Where the Cobbled Path Leads: A Review

Vishü Rita Krocha

Avinuo Kire’s latest book, ‘Where the Cobbled Path Leads’ has been a true source of comfort and escape for me. Even as avid readers, you rarely come across a book that continues to stay with you long after you have read it. I sat with this book for days, not because it wasn’t engrossing enough, but only because I was worried it was getting over. I would then, no longer live in this completely new world that Avinuo has created by interlacing alluring elements of Naga folklore.

For someone like myself, who has been completely enamoured of all of her works since her debut book—‘The Power to Forgive’, this folk fantasy novel, I think is her best work yet. She has recently said in an interview that— “My Christian faith, my fascination for what may be defined as nativised Christianity, Naga folklore, my imagination and ever ceaseless wonder over how marvelously strange life is and what lies beyond — all this came together and inspired me to write this book.”

I was drawn to the book from the very first sentence- “In these sleepy little hill towns, there is a secret path every child knows, a trail every nostalgic adult remembers.” ‘Where the Cobbled Path Leads’ traces the journey of eleven-year-old Vime, who lost her beloved mother, and rediscovers the cobbled footpath that had been her favourite escape even when her mother was alive. Her frequent solitary walks through the cobbled footpath eventually leads her to encounter spirits that are both bad and good.

Grief can be a lonely experience for children and adults alike. But perhaps, children feel even more deeply. I recently attended a funeral of a young mother and I thought to myself, there is nothing more heart-breaking than helplessly watching inconsolable children crying over the loss of their beloved mother.

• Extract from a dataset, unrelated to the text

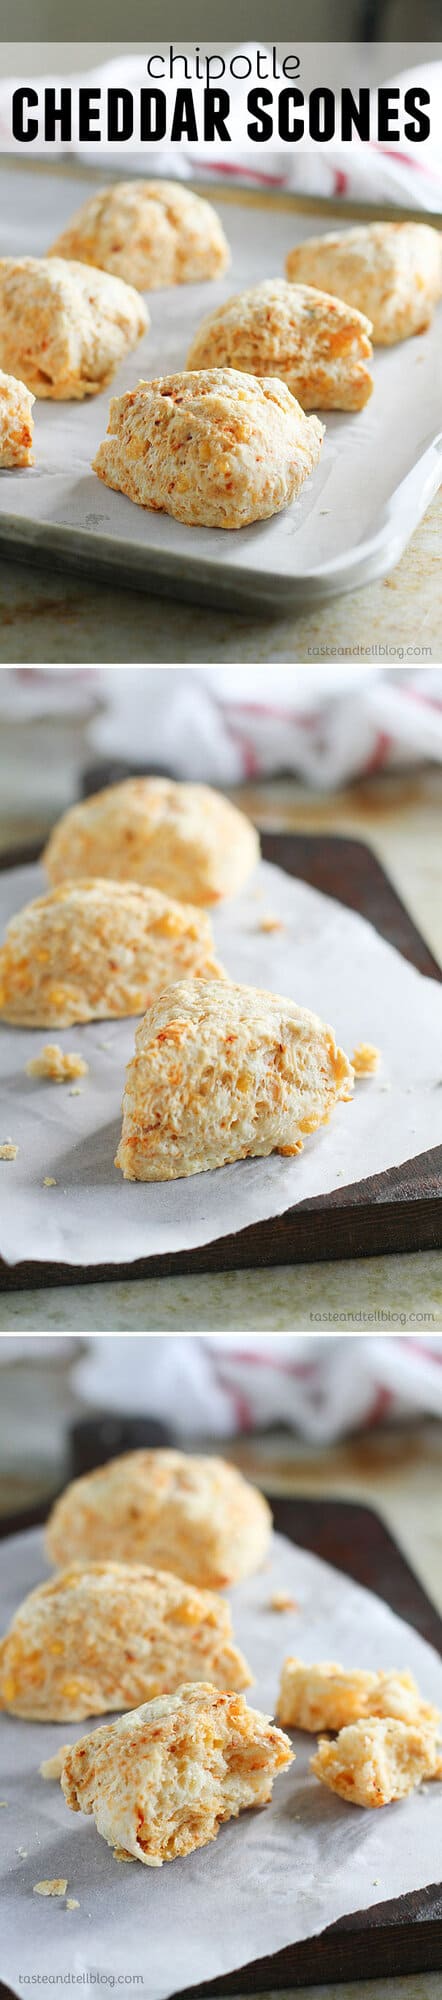 Scones aren't just for a sweet treat - these Chipotle Cheddar Scones are cheesy and slightly spicy and make a perfect side for dinner.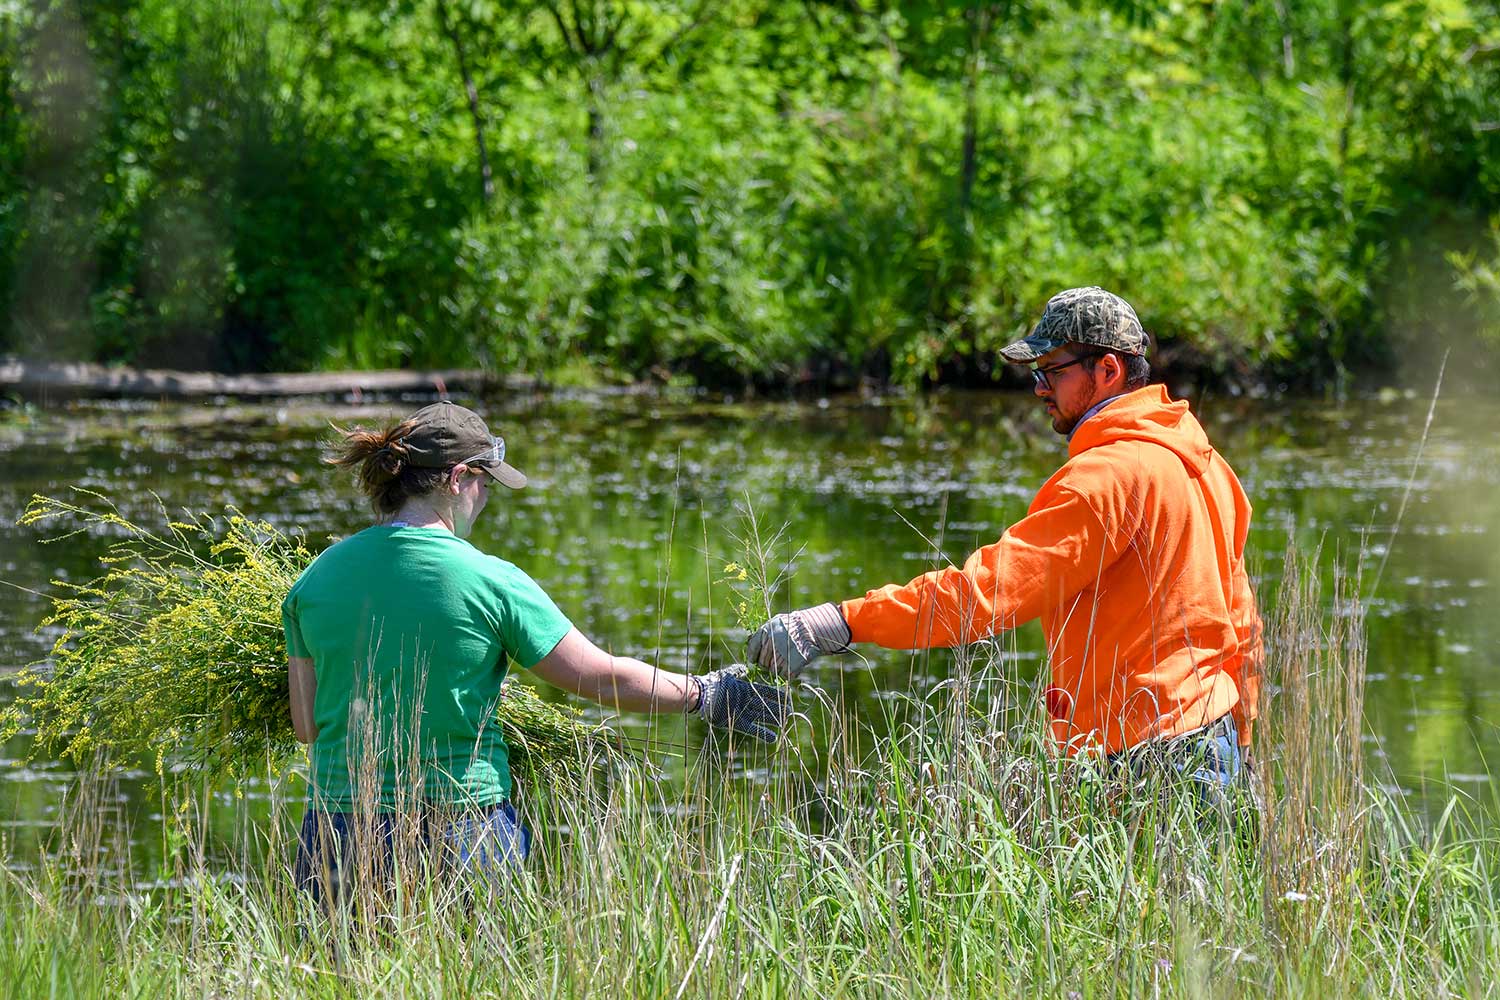 A person handing a just removed plant to a person carrying an armful of cut vegetation while standing in a grassy area near water.

Vime’s unspoken grief over the loss of her mother coupled with the news of her father remarrying, drives her to explore deeper into the forest. Through all her encounters in “the in between”, she finally understands what it is to embrace and survive grief.

“Love is Kepenuopfü’s greatest gift to man. Spirits envy humans because they cannot love. And certainly, grief is a beautiful child of love undying, borne out of love after all.” For me, these words spoken by Kijübode in the book, seems to be the essence of the book even as Vime comes out with a better understanding of life after all her experiences in the spirit world.

The 184-page book, ‘Where the Cobbled Path Leads’, an imprint of India Hamish Hamilton under Penguin Random House, offers everything that you look for in a fantasy novel—magic, compelling characters, a completely new world—perhaps the spirit world that we are all oddly familiar with, and that, actually makes it even more fascinating. To discover a world that seems remote from our everyday life, and that, even in that parallel universe, there are undiscovered joys and endless adventures.

Needless to say, Avinuo Kire is an enormously gifted author, whose every new book gives a new meaning to life and the world we live in.